Let \(\varepsilon > 0\) then we need to show that there is a \(\delta > 0\) such that,

\[\left| {f\left( {g\left( x \right)} \right) - f\left( b \right)} \right| < \varepsilon \hspace{0.5in}{\mbox{whenever}}\hspace{0.5in}0 < \left| {x - a} \right| < \delta \]

Let’s start with the fact that \(f\left( x \right)\) is continuous at \(x = b\). Recall that this means that \(\mathop {\lim }\limits_{x \to b} f\left( x \right) = f\left( b \right)\) and so there must be a \({\delta _{\,1}} > 0\) so that,

\[\left| {f\left( x \right) - f\left( b \right)} \right| < \varepsilon \hspace{0.5in}{\mbox{whenever}}\hspace{0.5in}0 < \left| {x - b} \right| < {\delta _{\,1}}\]

Now, let’s recall that \(\mathop {\lim }\limits_{x \to a} g\left( x \right) = b\). This means that there must be a \(\delta > 0\) so that,

\[\left| {g\left( x \right) - b} \right| < {\delta _{\,1}}\hspace{0.5in}{\mbox{whenever}}\hspace{0.5in}0 < \left| {x - a} \right| < \delta \]

But all this means that we’re done.

Let’s summarize up. First assume that \(0 < \left| {x - a} \right| < \delta \). This then tells us that,

\[\left| {g\left( x \right) - b} \right| < {\delta _{\,1}}\]

But, we also know that if \(0 < \left| {x - b} \right| < {\delta _{\,1}}\) then we must also have \(\left| {f\left( x \right) - f\left( b \right)} \right| < \varepsilon \). What this is telling us is that if a number is within a distance of \({\delta _{\,1}}\) of \(b\) then we can plug that number into \(f\left( x \right)\) and we’ll be within a distance of \(\varepsilon \) of \(f\left( b \right)\).

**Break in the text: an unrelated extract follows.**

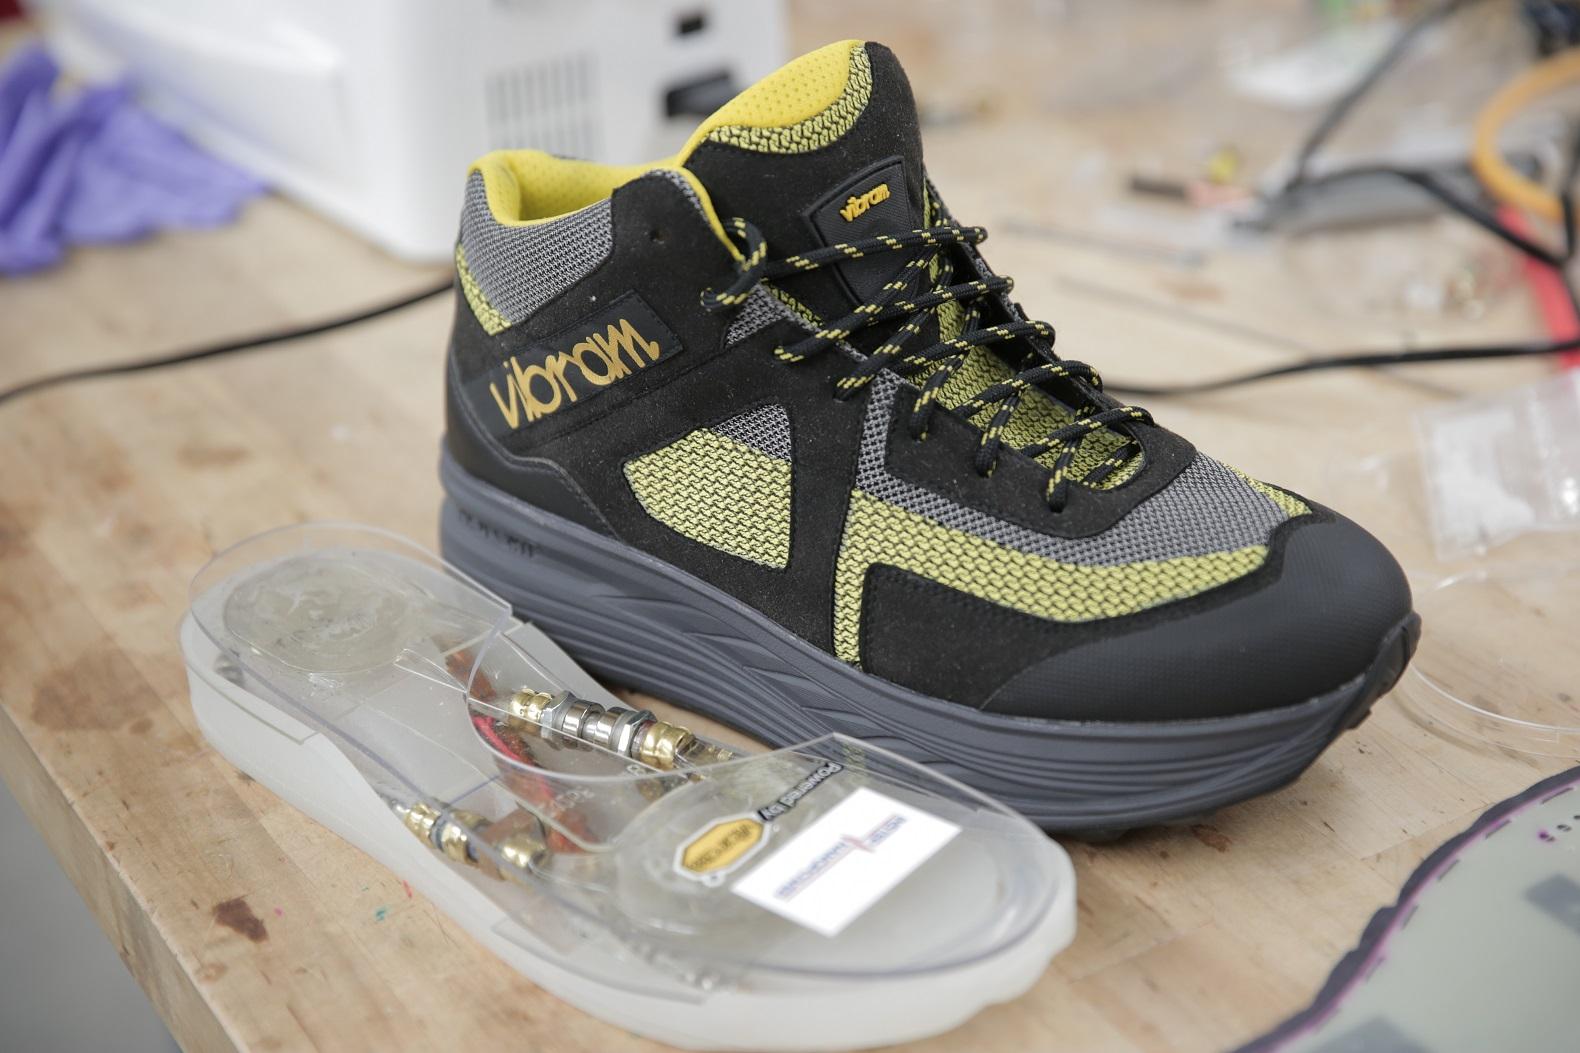 Energia-InStep+NanoPower+shoes

So, \[\left| {g\left( x \right) - b} \right| < {\delta _{\,1}}\] is telling us that \(g\left( x \right)\) is within a distance of \({\delta _{\,1}}\) of \(b\) and so if we plug it into \(f\left( x \right)\) we’ll get,

\[\left| {f\left( {g\left( x \right)} \right) - f\left( b \right)} \right| < \varepsilon \]

and this is exactly what we wanted to show.